What does 9 x times mean? To me x represents the multiplier symbol so it
means "times". Are you saying 9 times times? Help!
----- Original Message -----
From: "Jim Thomson" <firstname.lastname@example.org>
Sent: Monday, August 02, 2010 10:54 AM
Subject: [TowerTalk] Fwd: shack wiring
> Date: Mon, 2 Aug 2010 08:31:22 -0400
> From: "Paul Christensen" <email@example.com>
> Subject: Re: [TowerTalk] Fwd: shack wiring
>> ## If the business's don't get a neutral... then how do the business's
>> obtain 120 vac ??
> The neutral for premise distribution is created at the utility transformer
> secondary. Speaking of electrical distribution and use of neutrals, this
> evolution of plant step-down architecture has always bothered me:
> In the U.S., the HV primary on a pole transformer feeding a home is tapped
> between one phase of a three-phase system and a Multi-Ground Neutral
> The photo in the top link shows only one phase on the pole insulator.
> Often, the other two phases are not passed in deeper residential
> ### Same thing here. BUT.... we have 3 phase running down the main
> 1st side street gets phase A..... 2nd side street gets phase B.. etc,
> Then the 30,000 resisdent's total load is divide up fairly evenly between
> all 3 x phases.
> At each pole, a grounding conductor (shown in the second link) is run from
> the MGN to earth to keep the distribution's MGN ground line at earth
> potential. That's a good thing because if a ground fault occurs, it's
> possible that the pole grounding conductor (runs from the top of the pole
> the ground stake) would elevate to the full 7200V delivered by the
> distribution phase through the transformer primary. During a fault
> condition, a person standing on the ground while touching the pole's
> grounding conductor would be guaranteed electrocution.
> ## I don't think so. The most that could happen is the input
> fuse to the xfmr would blow open. The MGN is the return leg
> for the 7200/14.4 kv. Notice that the CT of the sec of the xmfr
> is also bonded to this same MGN . That's done...so each home
> that gets a neutral, also has the same neutral grnded to cold water
> pipe etc. So the MGN [HV return] gets grnded at each house as well.
> The MGN also gets grnded at each pole that has a xfmr.
> ## I call that an 'unbalanced HV primary. '... and a 'balanced 240 sec'..
> [with a grnded CT]
> Albeit more expensive for utility companies, it makes more sense to me
> for new neighborhood construction, two phases should be carried to the
> transformer's HV primary, and not between one phase and the MGN. This is
> especially the case where 3-phase is available on the pole. Yet, in cases
> where a residential transformer is mounted on a 3-phase pole, the utility
> companies still use the MGN instead of a second phase.

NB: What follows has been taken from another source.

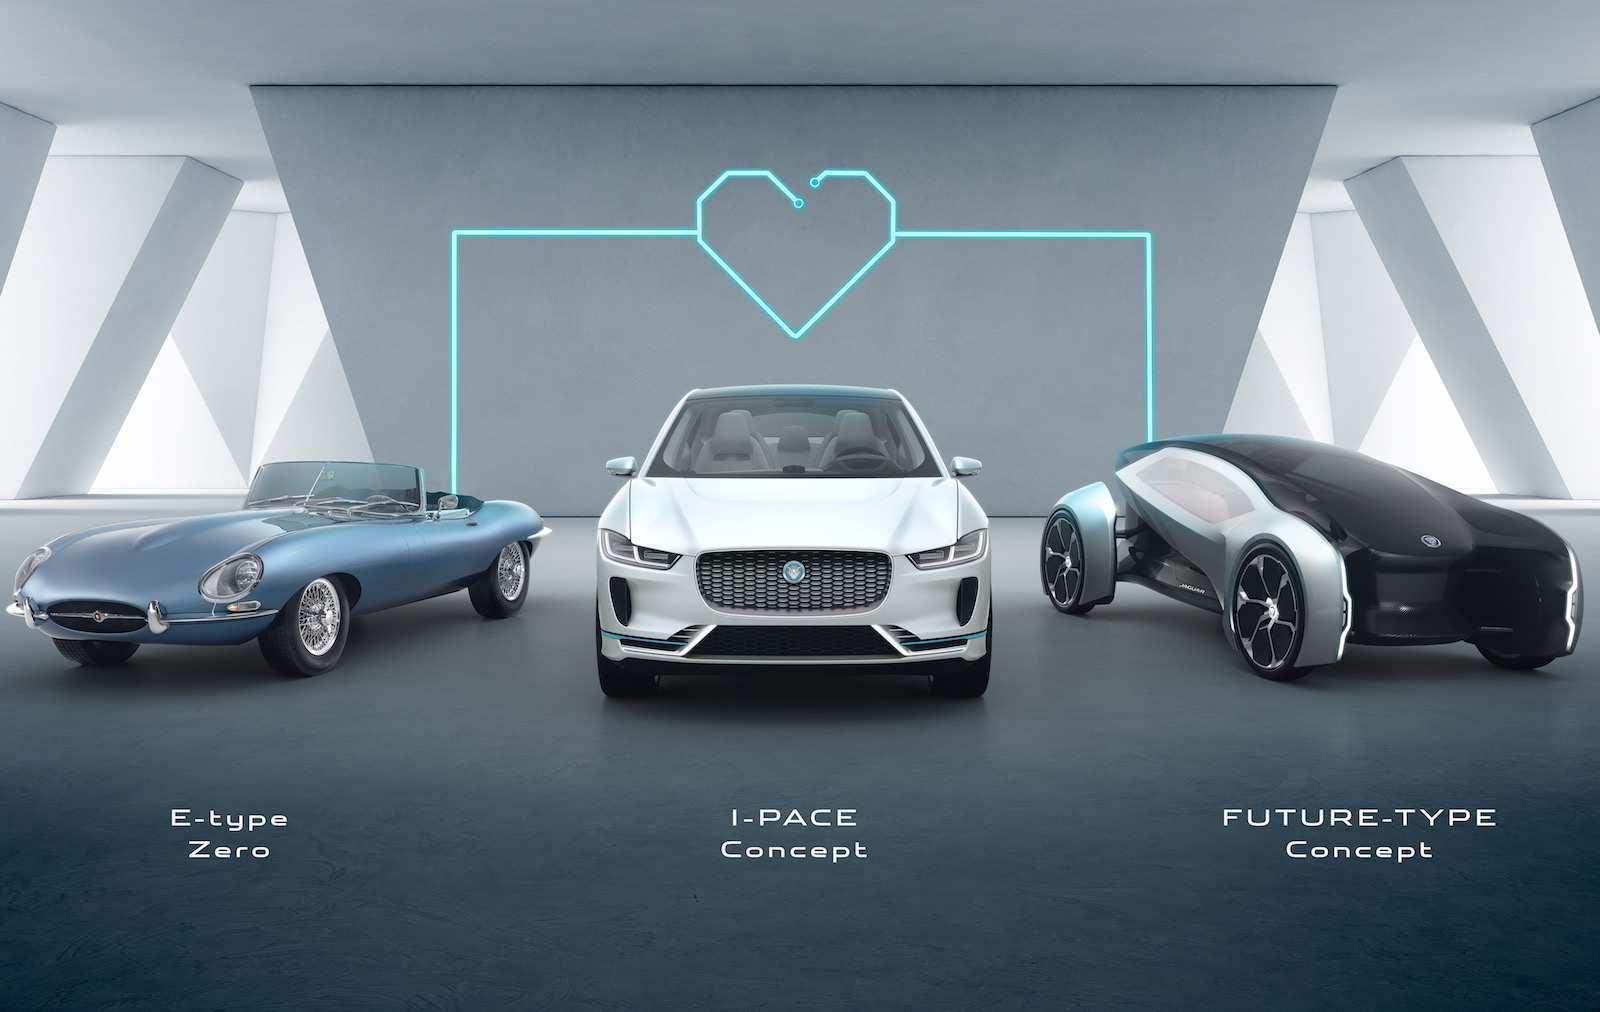 31 Concept of Jaguar Land Rover 2020 Vision Exterior and Interior with Jaguar Land Rover 2020 Vision
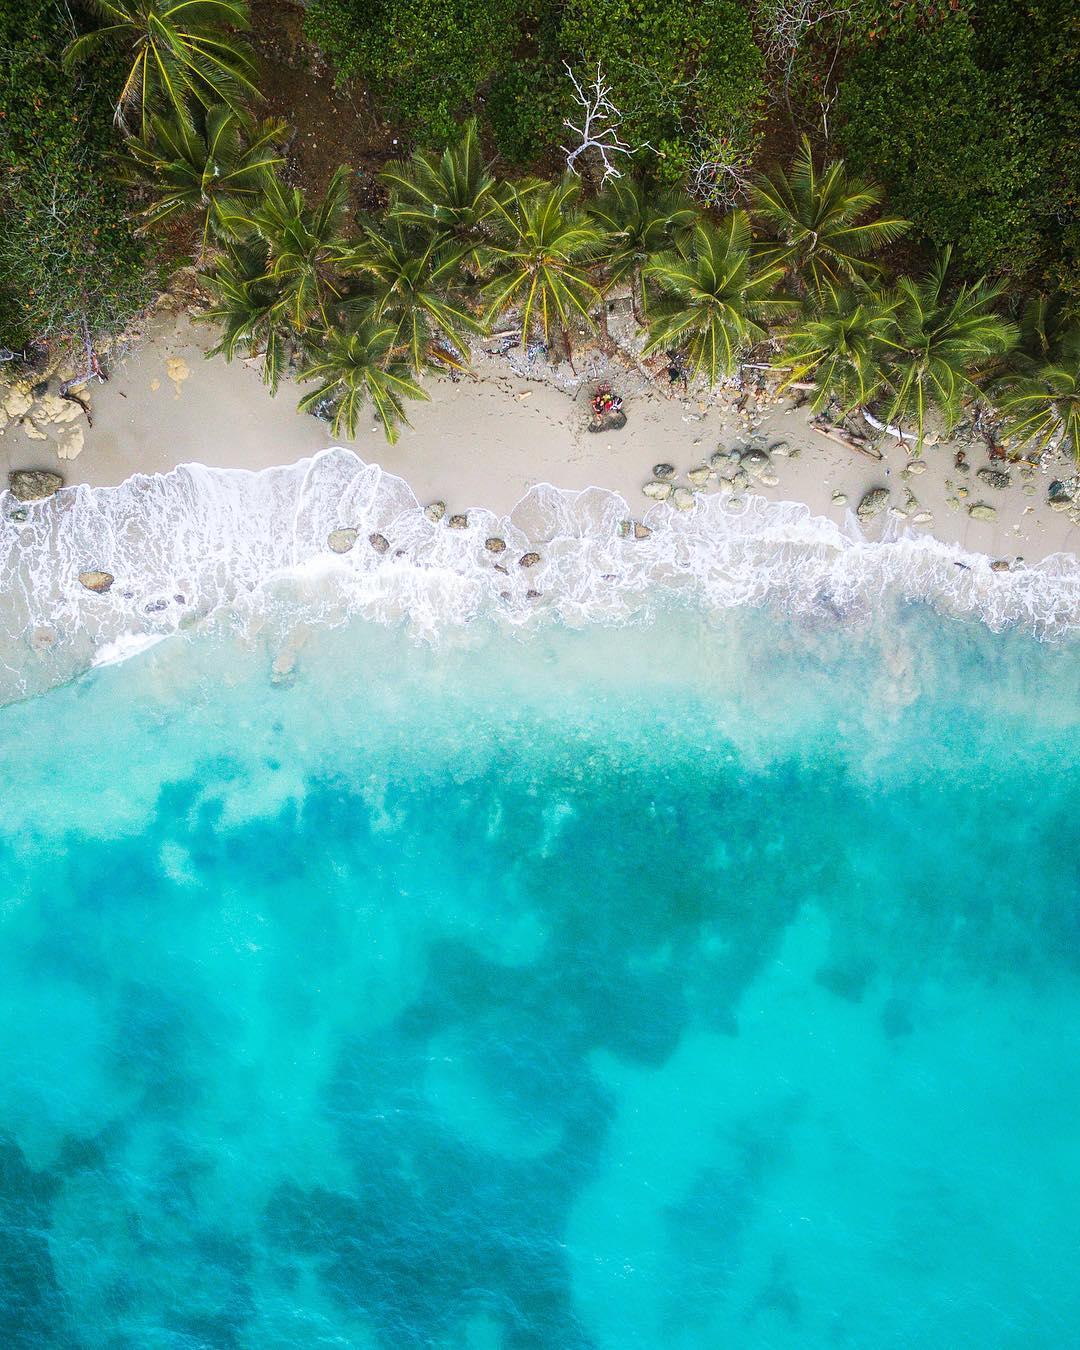 Захватывающие пейзажи на аэрофотоснимках Майкла Матти

> ## the xfmr voltages would be all wrong! If you are going to
> use 2 x phases..then u really need 2 x xfmr's . Unless, what ur
> is run one xfmr between 2 x hv phases... which is doable. That requires
> 2 hot wires to each xfmr. They don't do it that way cuz they use an UN
> distribution system.
> ## Notice right now.. that one side of the xfmr Primary is grnded. And
> that the CT
> of the sec is also grnded [ both to the same MGN].
> ## In the UK... they use no CT on their xfmrs. [230 vac 50 hz single
> BUT, one side of the sec is bonded to the MGN..and also dirt grnded. One
> side of the HV primary is also grnded/bonded to the same MGN. What
> they have in effect is UN balanced sec power. What they call a neutral
> is just one side of the grnded 230 line. That way... you only need one
> spst switch for each circuit in a house...like a light switch. [you
> only have one hot leg].
> The safety of the
> exiting distribution is wholly dependant on the bonding quality of all
> components between the MGN, the pole grounding conductor, and the earth
> grounding rod.
> ## The MGN also extends to each home...via the neutral [ CT]..where it's
> connected to a cold water pipe, etc... so the MGN gets grnded 9 x times
> for each xfmr..for 9 x homes. The fault current can't flow down the
> safety grnd.. and zap anybody. As soon as it hit the MGN.. or anything
> HV fuse blows.
> Tapping two phases instead of one eliminates the deadly
> ground fault condition. Then again, just how many accidents or deaths
> result each year from such a ground fault? In areas of *well-maintained*
> plant, probably not too many.
> ## The reason they use the MGN set up is so if something happens
> like say the xfmr develops a pri to sec short.. ur safe. with a primary
> to sec short, since the CT [neutral] is bonded to the MGN.... all you end
> up doing, is shorting out the primary side ! .... and the HV fuse to the
> input of the xfmr blows open.
> ## If u did it ur proposed way..with one xfmr pri across 2 x phases...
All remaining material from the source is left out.